This post may be a little too personal. So if you’re here to look at happy wedding pictures, please skip right over this. It won’t hurt my feelings one bit.
Last week I lost a good friend. His name was John, although I never called him that. Why? Because I usually said, “Hey man!” instead. I have always had a thing about calling people by the wrong name… until now.
Losing him really changed me. I knew I’d lose friends to death over my lifetime, but I hoped it would never be on their own terms. At first I started to analyze who else in my life might be at risk, but honestly, that’s no way to live. John was the last person I’d ever have thought of. That’s part of why it’s been so tough to cope.

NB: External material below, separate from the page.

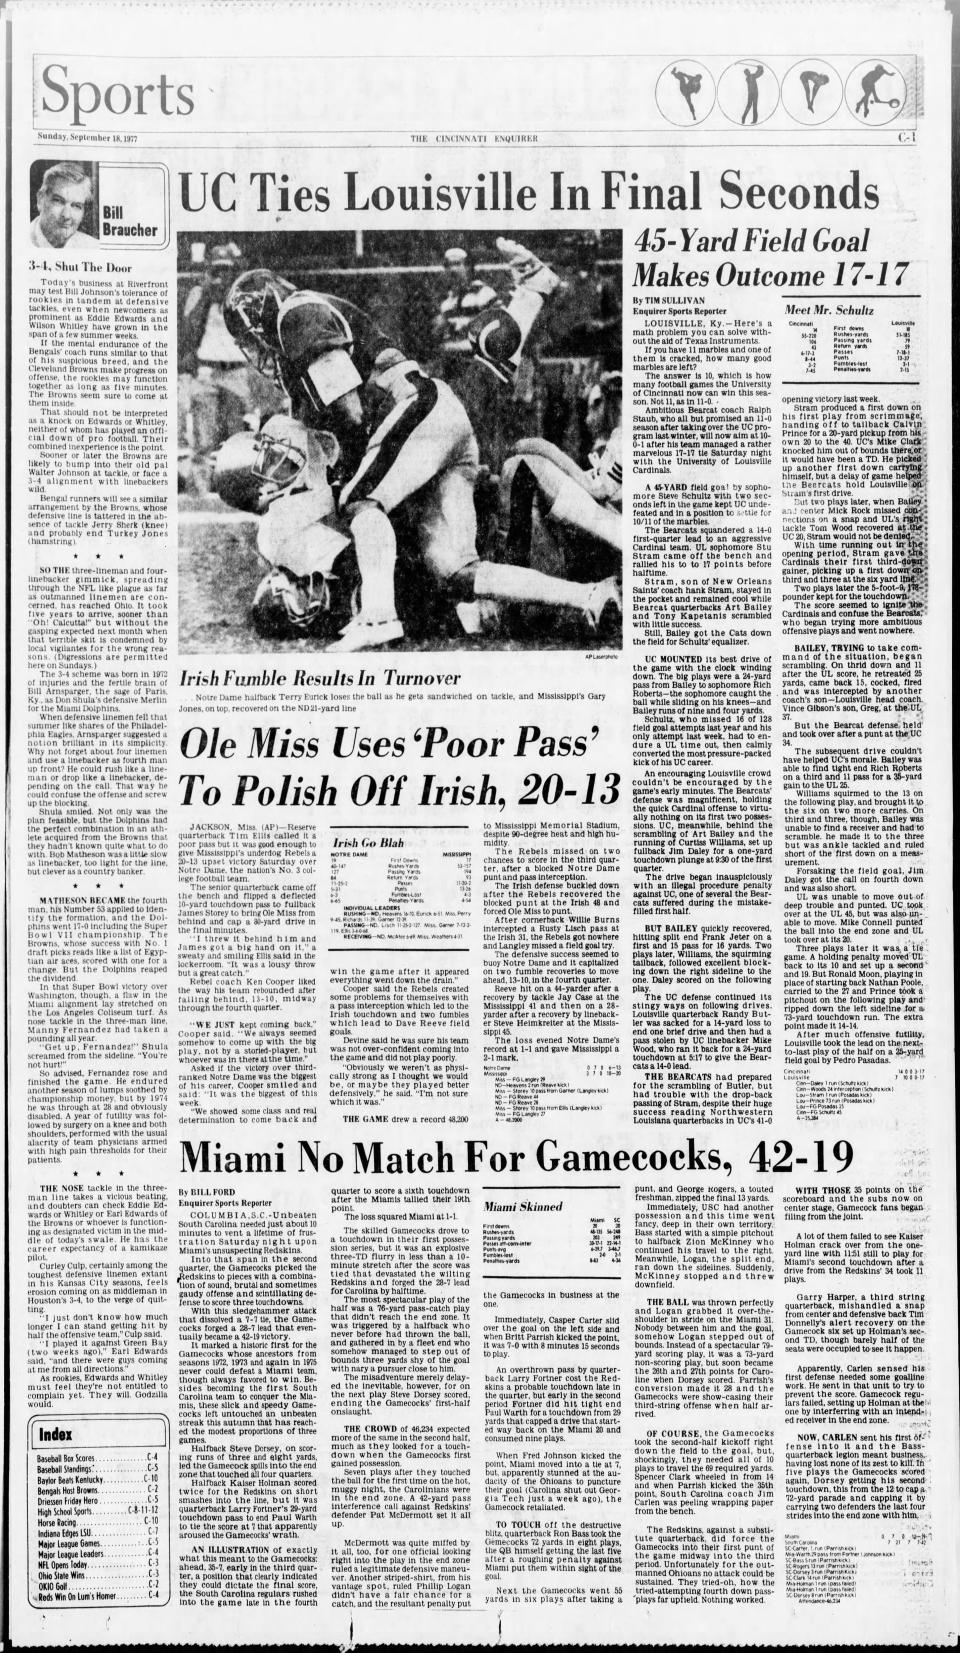 Sept. 18, 1977 Cincinnati Enquirer coverage of Cincinnati vs. Louisville football game.

In the frustration, anger, hurt, and tears last week, I made a few resolutions. They may not be earth shattering to you (in fact, I’m sure they won’t be), but for me & those who know me well… it’s quite a change.
1) I’m now a hugger. I will hug people. Why? Because John gave tons of hugs, yet I never really gave good hugs back. I’ve never really been a hugger, but people like John have been slowly winning me over the last few years. It’s become a joke in my circle of friends because I’ve never been in love with hugs, but honestly, I’ve started to realize that I kind-of-maybe-just-a-little-bit like hugs. So no more joking, no more awkward side hugs. Just hugs. I would give just about anything to get one of his hugs again.
2) I will use people’s names. I always catch myself right before I use a name because oh my goodness what if I call someone by the wrong name?! Well, if that happens, then I’ll apologize and go on with life. I’m pretty sure it’ll all be okay if I get a name wrong every now and then. There’s something powerful about hearing your name said out loud in casual conversation. I know it makes me feel special, and I certainly want to make those around me feel special.
I’ve started putting these two things into practice, and it feels good! Slowly, my joy is returning & I’m getting back to my old self again. I can’t bring John back, but I can honor his name & spread the happiness & joy that he shared with everyone he met.